AIM OF THE EXERCISE: Once the line holding "DESINFEKTIONSMITTEL Sterilion für" appears, repeat it and each line after it to the end of the data, exactly and with nothing else; pictures stay out.

COLLECTED MATERIAL:
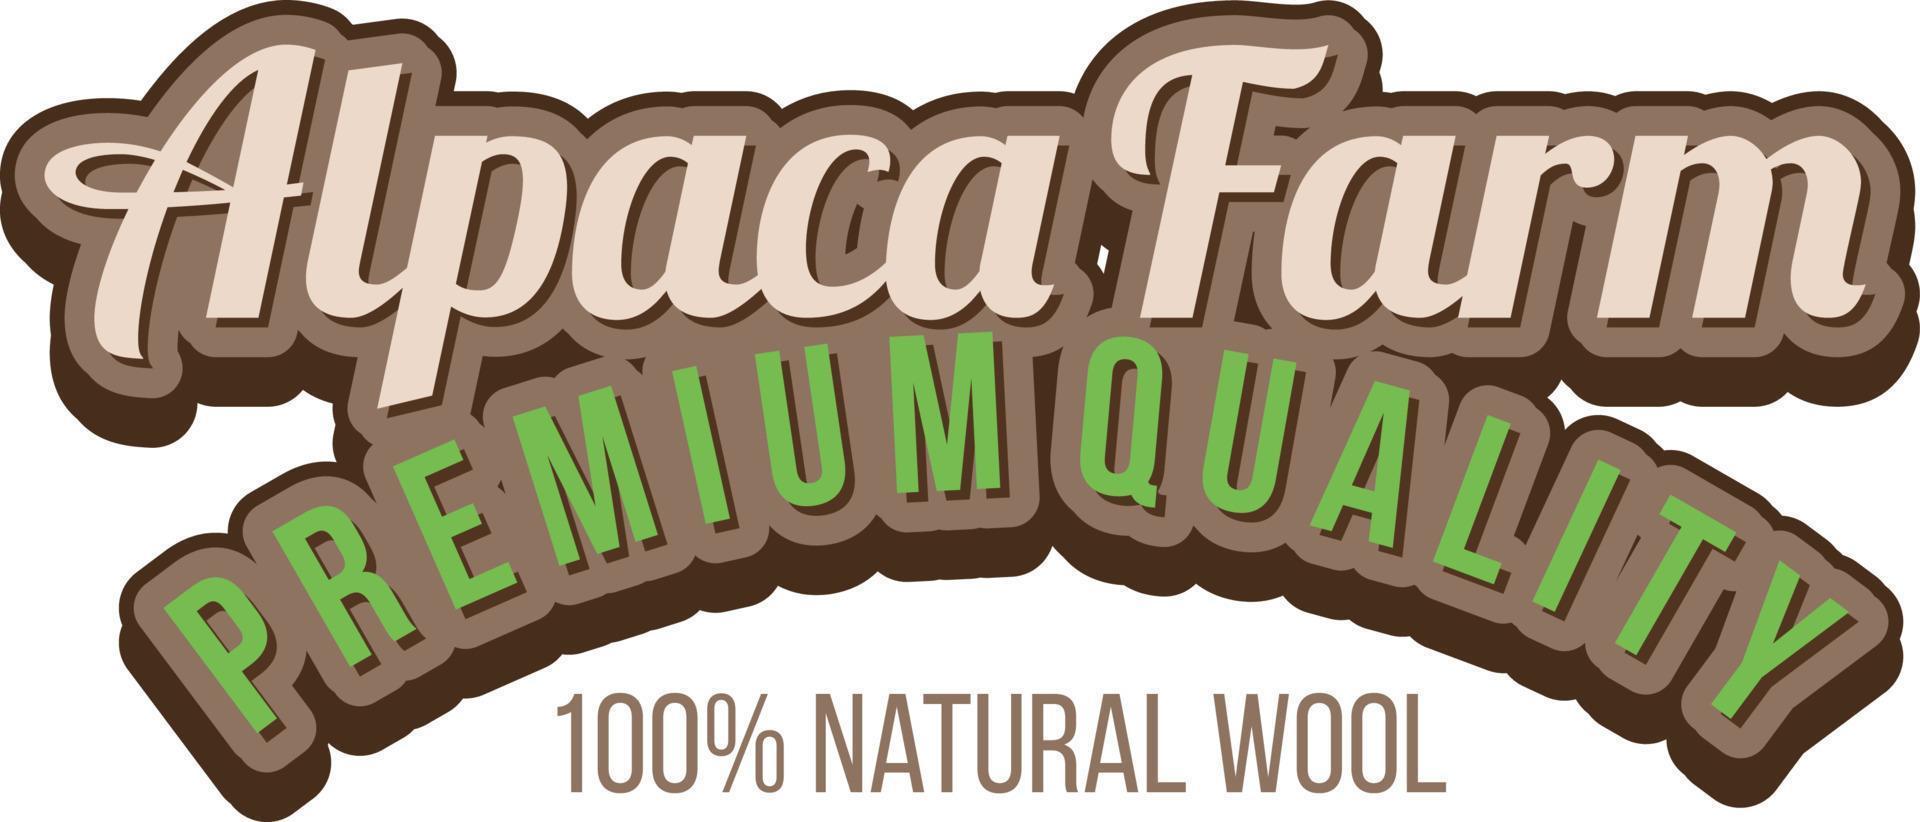 alpacka gård logotyp mall för ullprodukter vektor
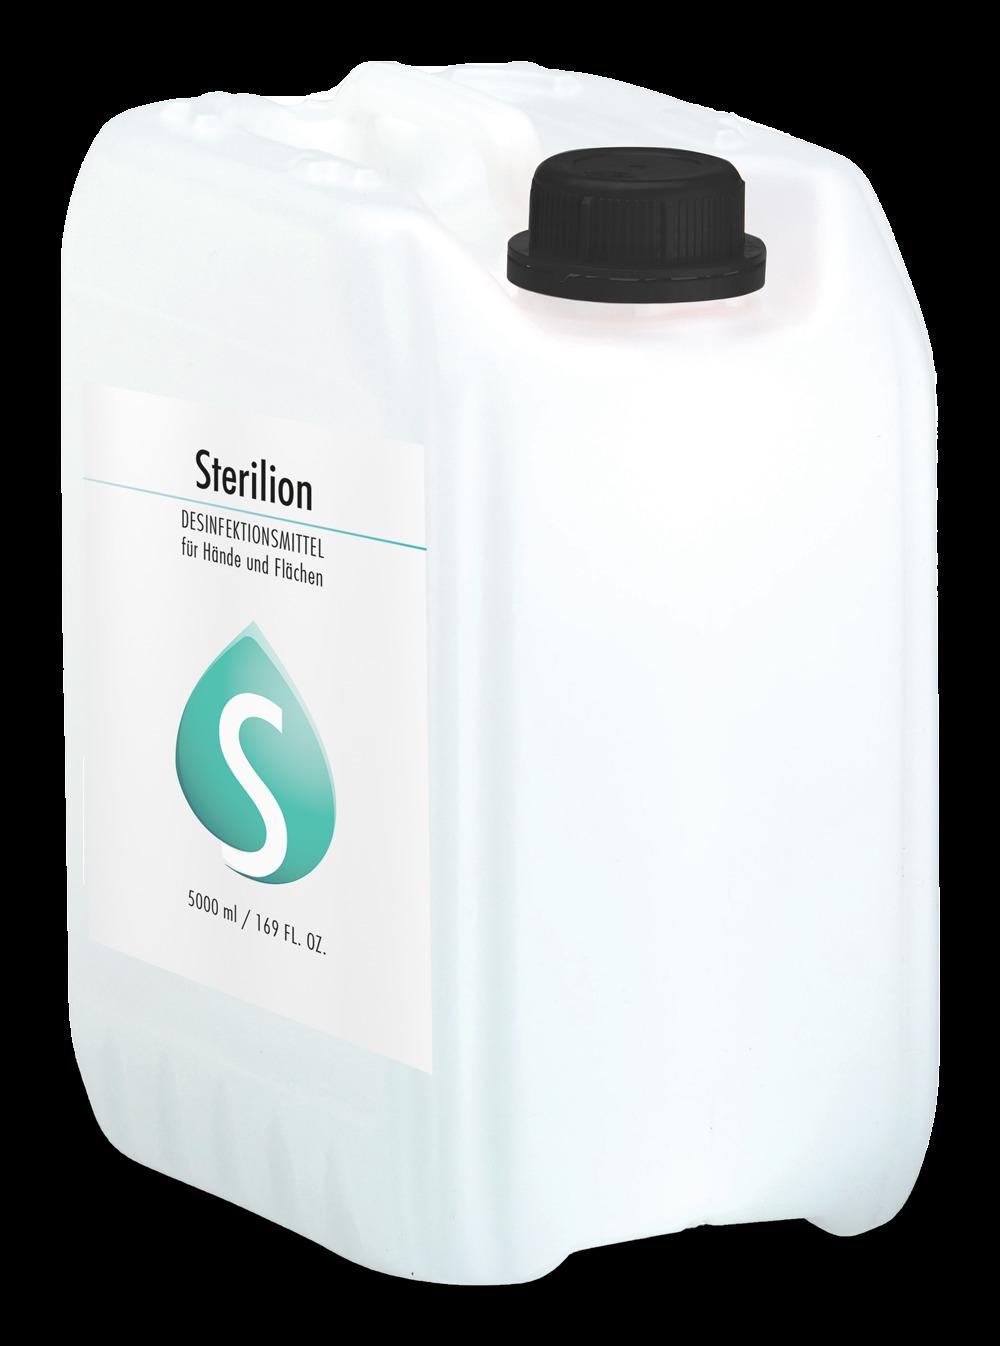 DESINFEKTIONSMITTEL Sterilion für Hände (auch für Flächen geeignet), 5000 ml
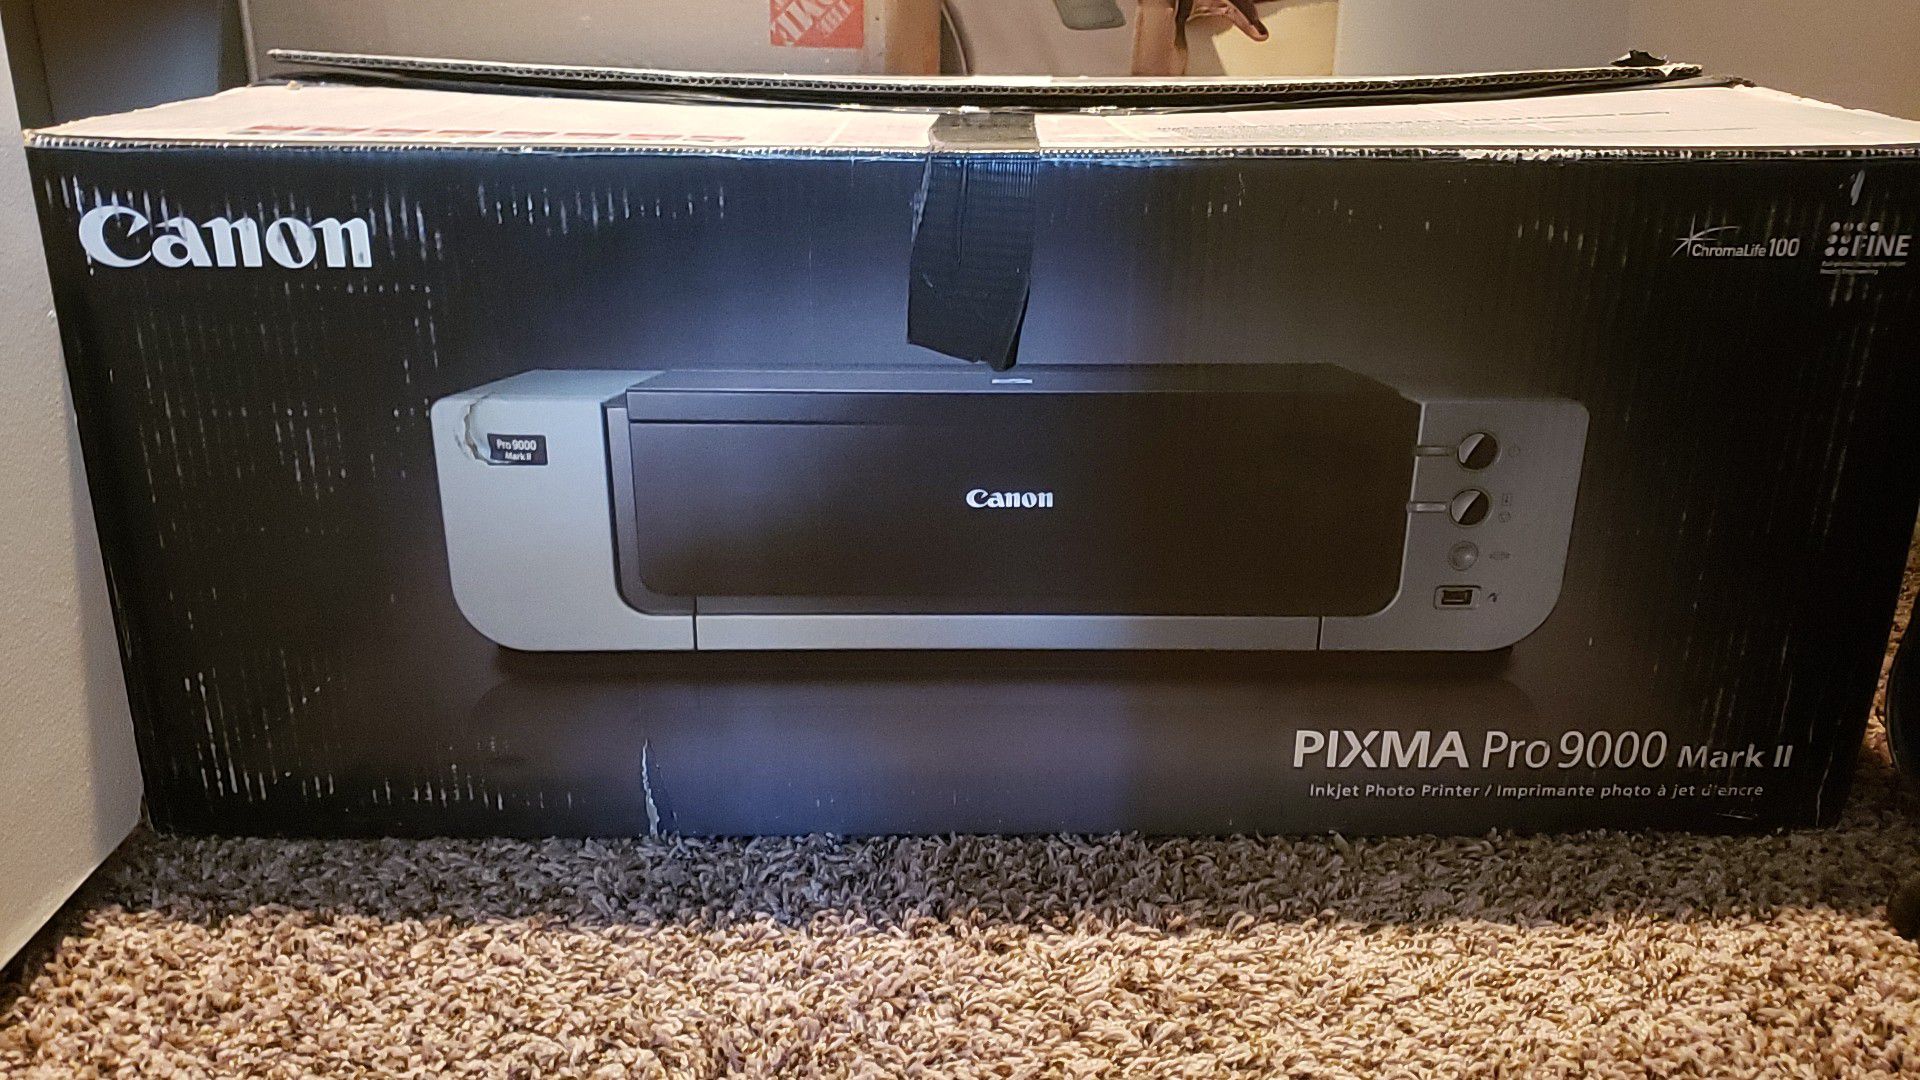 Canon PIXMA printer with Photo paper

TASK RESPONSE:
 DESINFEKTIONSMITTEL Sterilion für Hände (auch für Flächen geeignet), 5000 ml
 Canon PIXMA printer with Photo paper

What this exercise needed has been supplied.